The Story of Stone: Intertextuality, Ancient Chinese Stone Lore, and the Stone Symbolism of 'Dream of the Red Chamber,' 'Water Margin,' and 'The Journey to the West.'.

AuthorIdema, Wilt

Stone and jade play a central role in the symbolism of the Dream of the Red Chamber (hereafter Dream). While stone imagery also occurs in the two other novels mentioned in the title of the book under review, it certainly does not hold the same position: "it functions marginally in one narrative and remains a decorative frame device in the other" (p. 98). As a result, this monograph, while devoting a chapter each to The Journey to the West (chapter five) and to Water Margin (chapter six), is primarily concerned with Ts'ao Hsueh-ch'in's composition. A booklength inquiry into the fascinating topic of stone and jade is indeed a welcome addition to the critical literature on this inexhaustible novel. The author demonstrates the multi-layered, double-nature of the symbolism involved in stone and jade. The result is a convincing proof that, despite the quantity of writing already engendered by "Red-ology," it is still possible to come up with interesting and stimulating new insights.

Following a very long second chapter on ancient Chinese stone lore, couched sometimes in rather rebarbative jargon, the discussion of the symbolism of stone and jade as operative in Dream really gets underway in chapter three. Professor Wang argues that the imagery of stone is mainly operative on a metaphysical level, where binary oppositions are mutually transformative and non-evaluative, whereas the jade symbolism is mainly operative in the moral realm, in which the contrasting terms in binary pairs "enter into confrontational rather than complementary relationships with each other" (p. 139). She goes on to argue that characters in the novel who have the element yu ("jade") in their name and who are distinguished by their obsessive pursuit of purity (i.e., Pao-yu, Tai-yu, and the nun Miao-yu) clearly enjoy more of the narrator's sympathy than do more sociable characters, such as Hsueh Pao-ch'ai. However, as our author also notices the association between jade and the ideal virtues of the Confucian gentleman, she is struck by the "contradiction between the anti-Confucian worldview constructed by Pao-yu and his identification with a symbol that contains within itself an ideological discourse that is predominantly Confucian" (p. 121).

The contrastive evaluation of Lin Tai-yu and Hsueh Pao-ch'ai is of course an old pastime in Dream criticism. As Wang pursues her case against the hapless Pao-yu, she grows more and more strident in tone.
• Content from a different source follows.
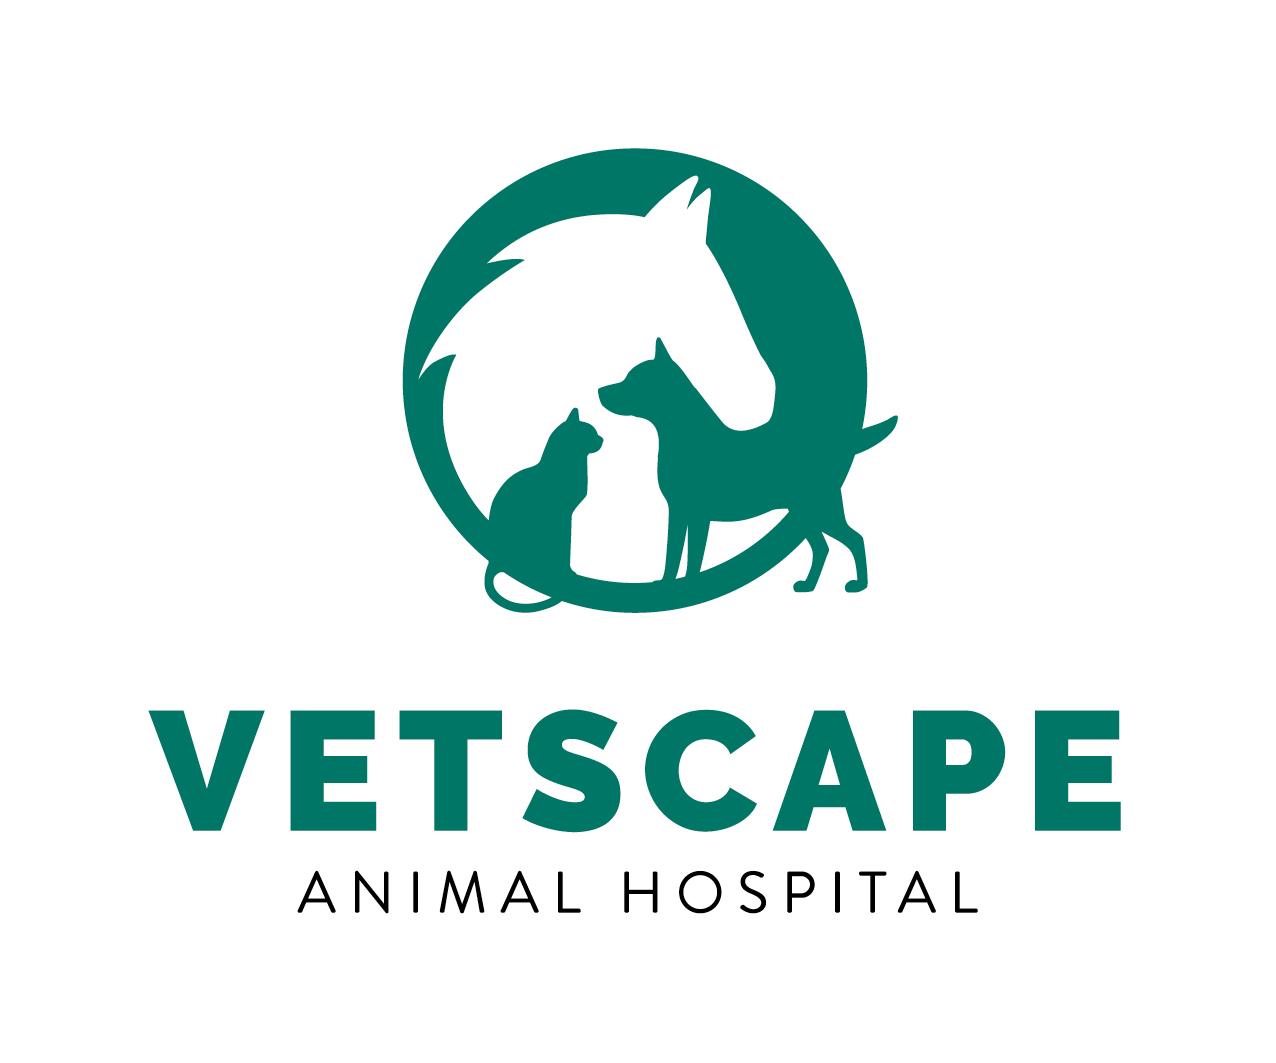 Vetscape Animal Hospital logo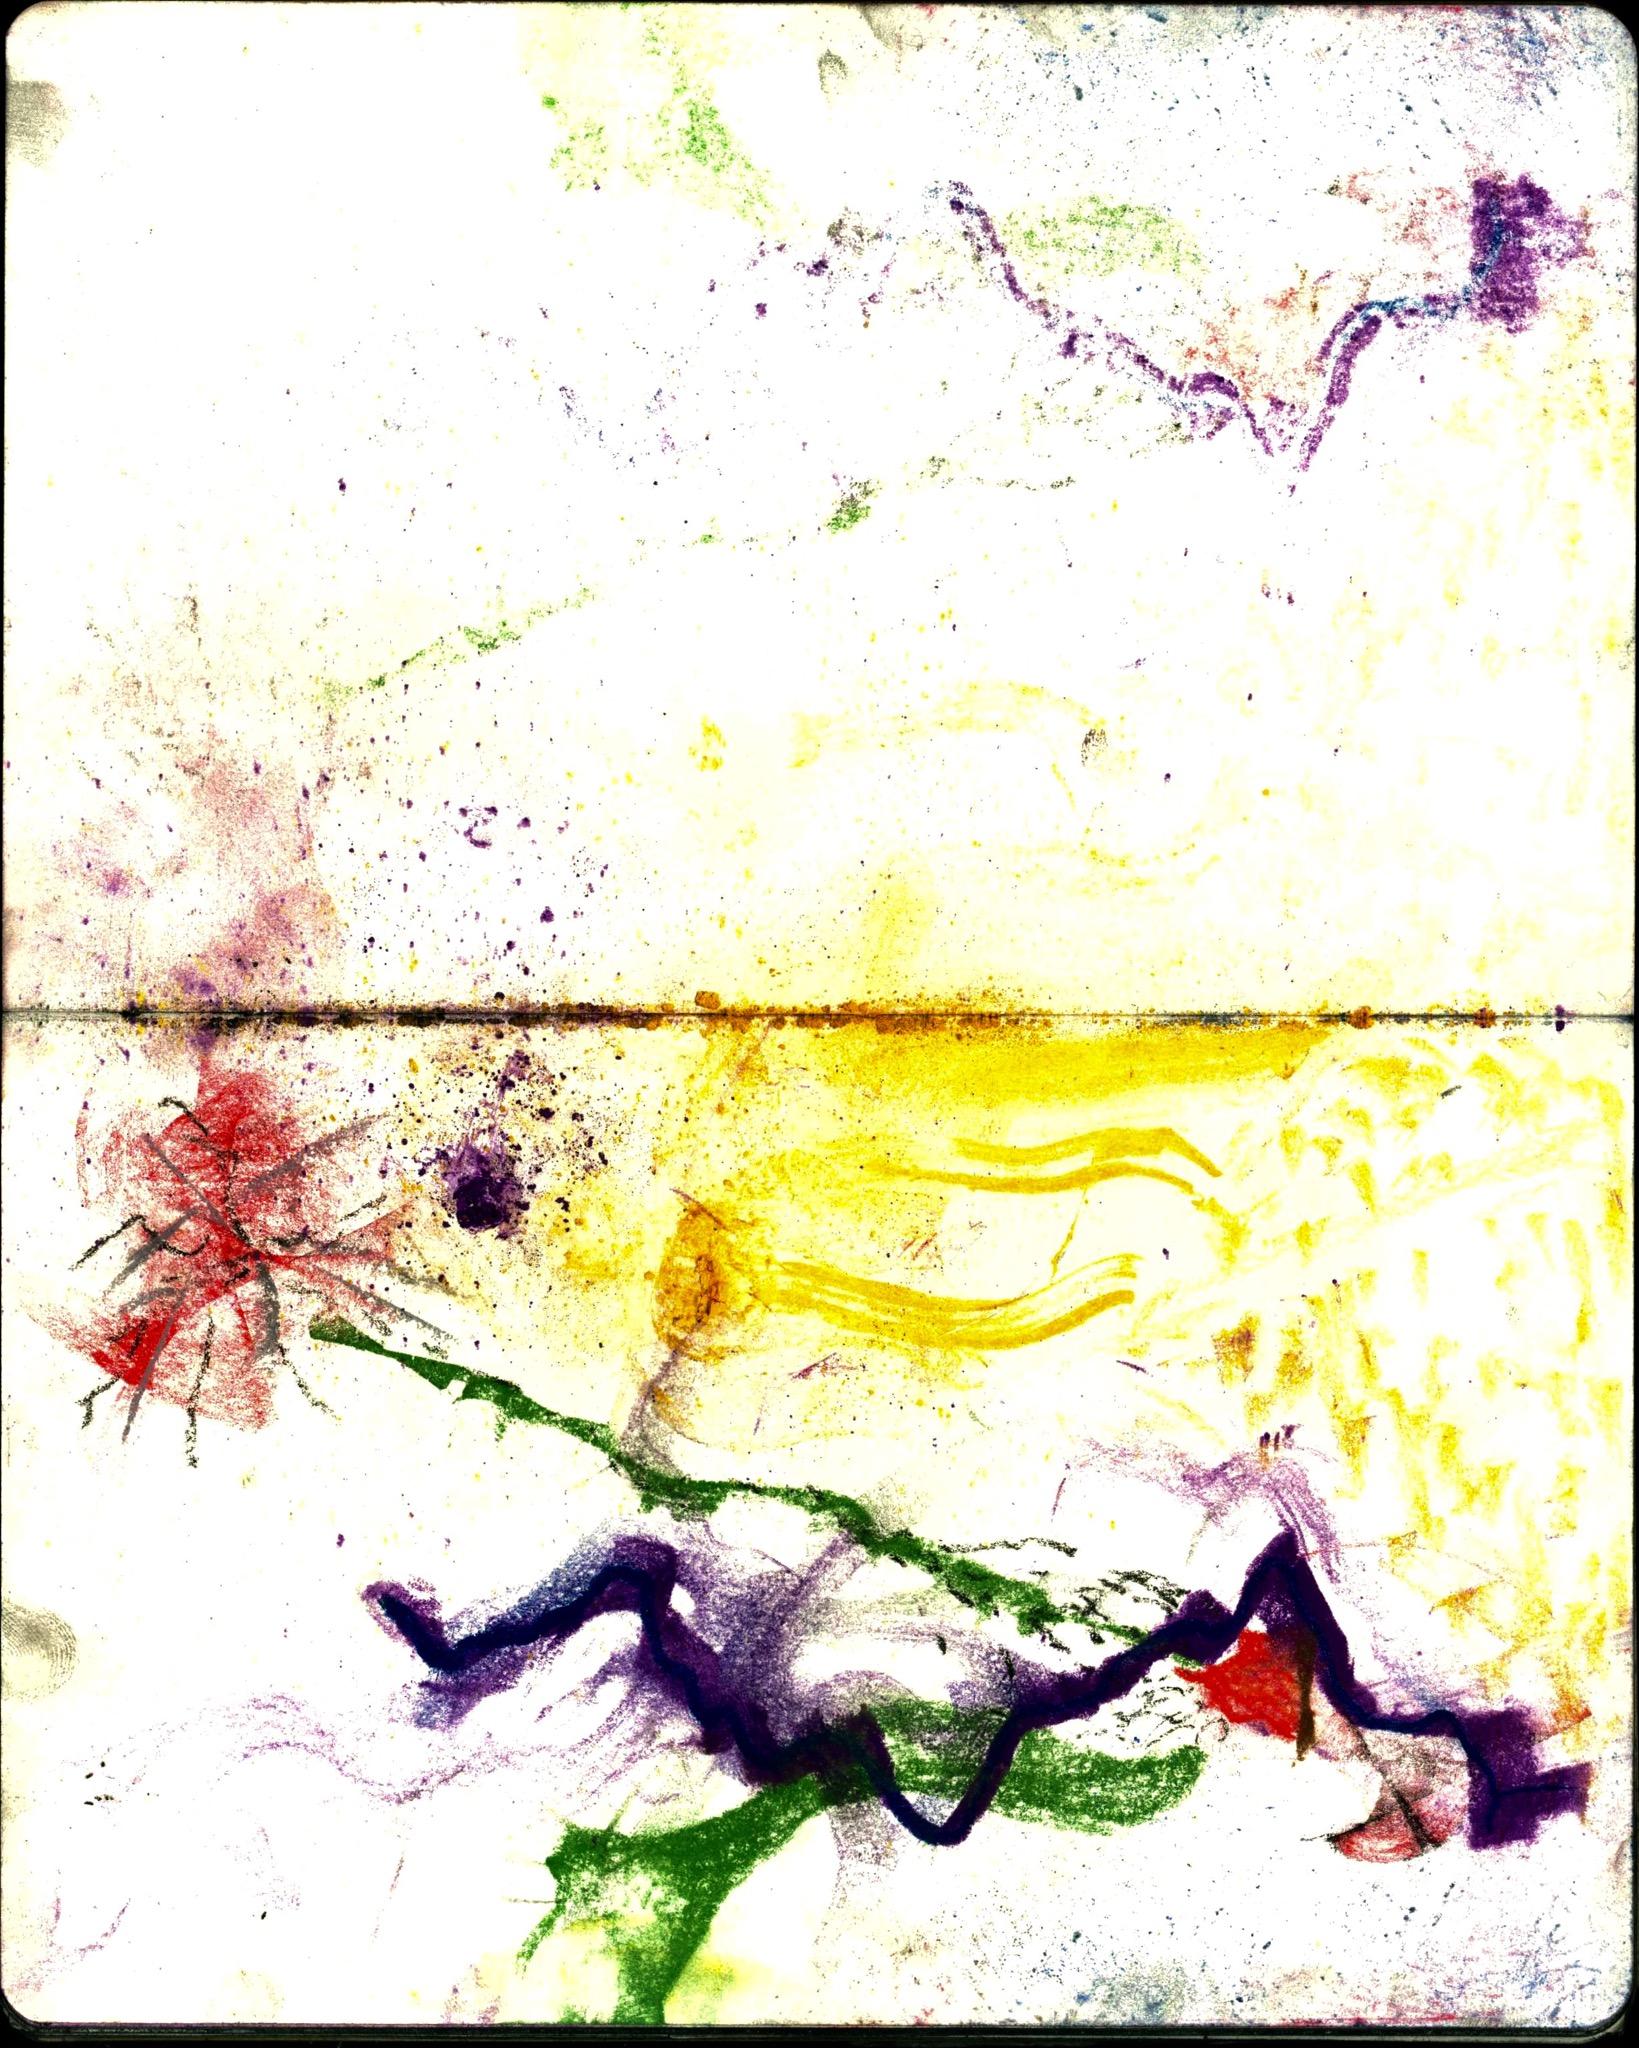 The reaction mixture; an emotion, a politic, a molecule

At first we are told (p. 124) that "the narrator's sympathy tilts towards Lin Tai-yu," but later we learn that Pao-ch'ai is perceived as a moral being far inferior to Tai-yu" (p. 135), and that "the value of a human being, for the narrator of the Dream, lies unambiguously in individuality" (p. 136). And when Hsueh Pao-ch'ai, "a mere public self" (p. 135), tries to comfort her aunt, who is distraught over the suicide of a female servant, she is accused by our...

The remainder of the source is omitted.